Reckoning
by David Rose
By the last days of March 2002, more than six months after 9/11, President George W. Bush's promise "to hunt down and to find those folks who committed this act" was starting to sound a little hollow. True, Afghanistan had been invaded and the Taliban toppled from power. But Osama bin Laden had vanished from the caves of Tora Bora, and none of his key al-Qaeda lieutenants were in U.S. captivity.

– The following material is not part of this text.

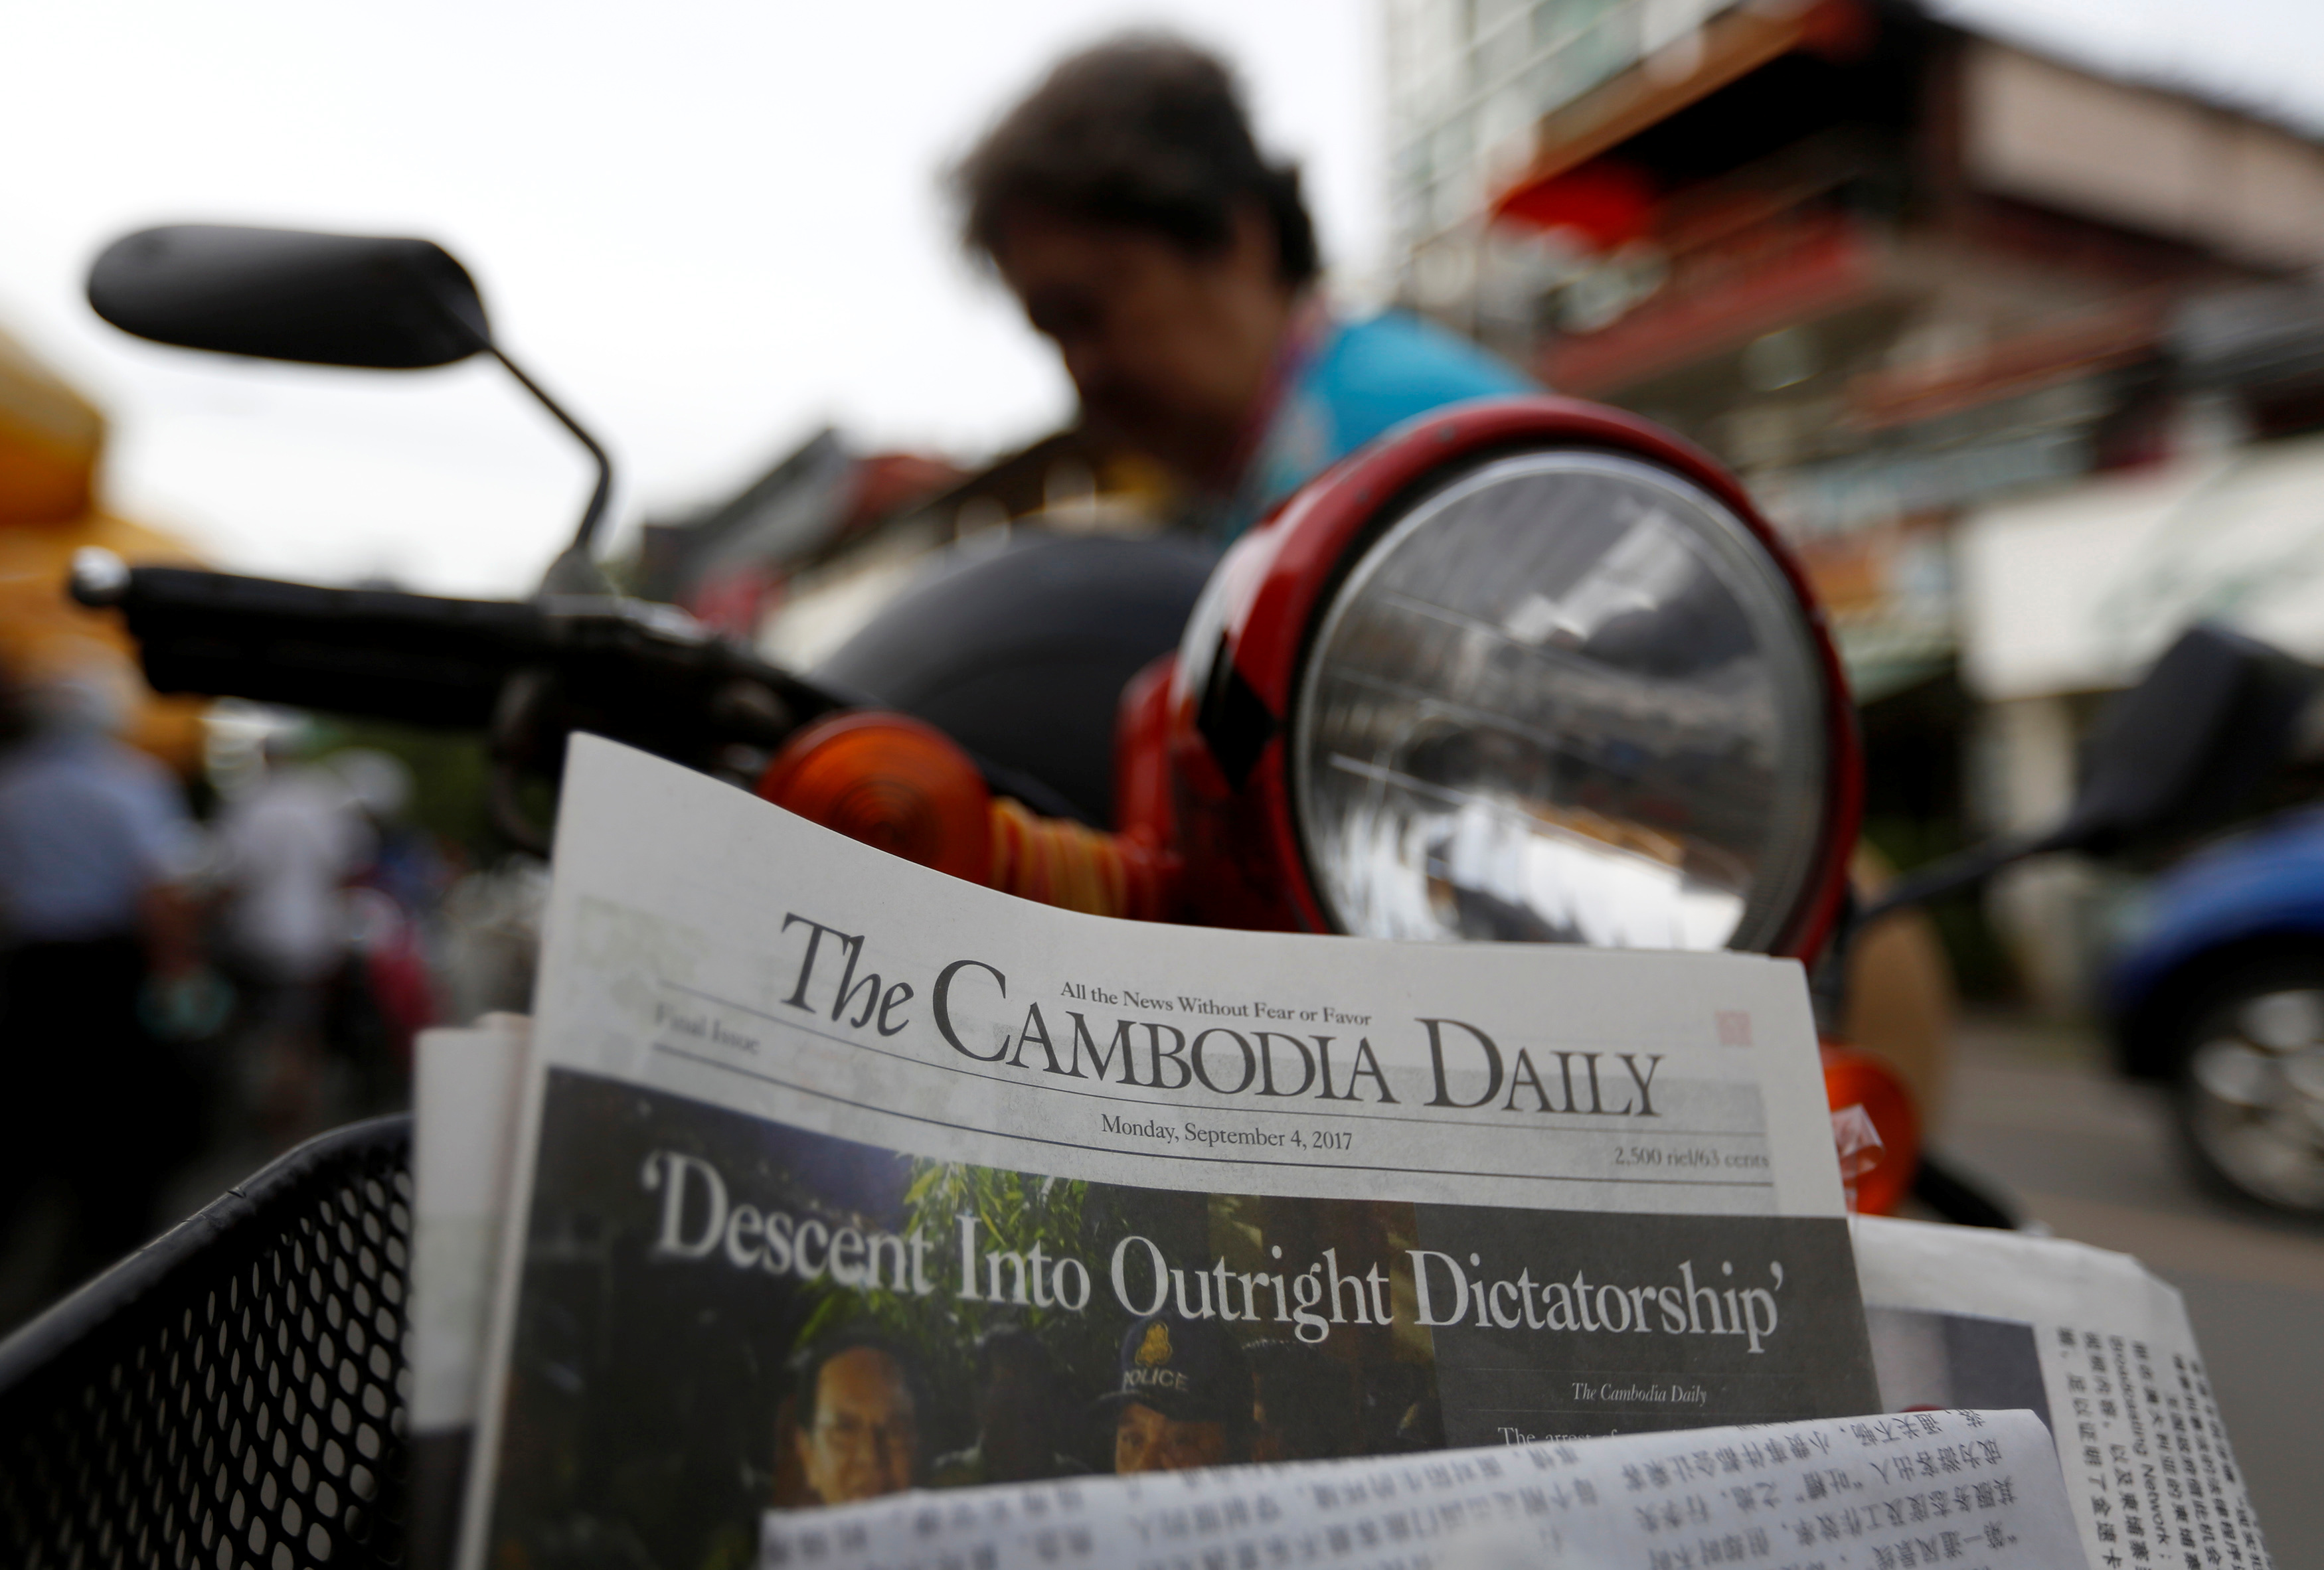 A woman buys the final issue of The Cambodia Daily newspaper at a store along a street in Phnom Penh, Cambodia, Sept. 4, 2017. (Pring Samrang—Reuters)

Intelligence about what the terrorists might be planning next was almost nonexistent. "The panic in the executive branch was palpable," recalls Mike Scheuer, the former C.I.A. official who set up and ran the agency's Alec Station, the unit devoted to tracking bin Laden.
Early in the morning of March 28, in the moonlit police-barracks yard in Faisalabad, Pakistan, hopes were high that this worrisome intelligence deficit was about to be corrected. Some 300 armed personnel waited in silence: 10 three-man teams of Americans, drawn equally from the C.I.A. and the F.B.I., together with much greater numbers from Pakistan's police force and Inter-services Intelligence (ISI). In order to maximize their chances of surprise, they planned to hit 10 addresses simultaneously. One of them, they believed, was a safe house containing a man whose name had been familiar to U.S. analysts for years: Zayn al-Abidin Muhammad Hussein, a 30-year-old Saudi Arabian better known as Abu Zubaydah. "I'd followed him for a decade," Scheuer says. "If there was one guy you could call a 'hub,' he was it."
The plan called for the police to go in first, followed by the Americans and ISI men, whose job would be to gather laptops, documents, and other physical evidence. A few moments before three a.m., the crackle of gunfire erupted. Abu Zubaydah had been shot and wounded, but was alive and in custody. As those who had planned it had hoped, his capture was to prove an epochal event—but in ways they had not envisaged.
Four months after Abu Zubaydah's capture, two lawyers from the Department of Justice, John Yoo and Jay Bybee, delivered their notorious memo on torture, which stated that coercive treatment that fell short of causing suffering equivalent to the pain of organ failure or death was not legally torture, an analysis that—as far as the U.S. government was concerned—sanctioned the abusive treatment of detainees at the C.I.A.'s secret prisons and at Guantánamo Bay. But, as Jane Mayer writes in her recent book, The Dark Side (Doubleday), Abu Zubaydah had been subjected to coercive interrogation techniques well before that, becoming the first U.S. prisoner in the Global War on Terror to undergo waterboarding.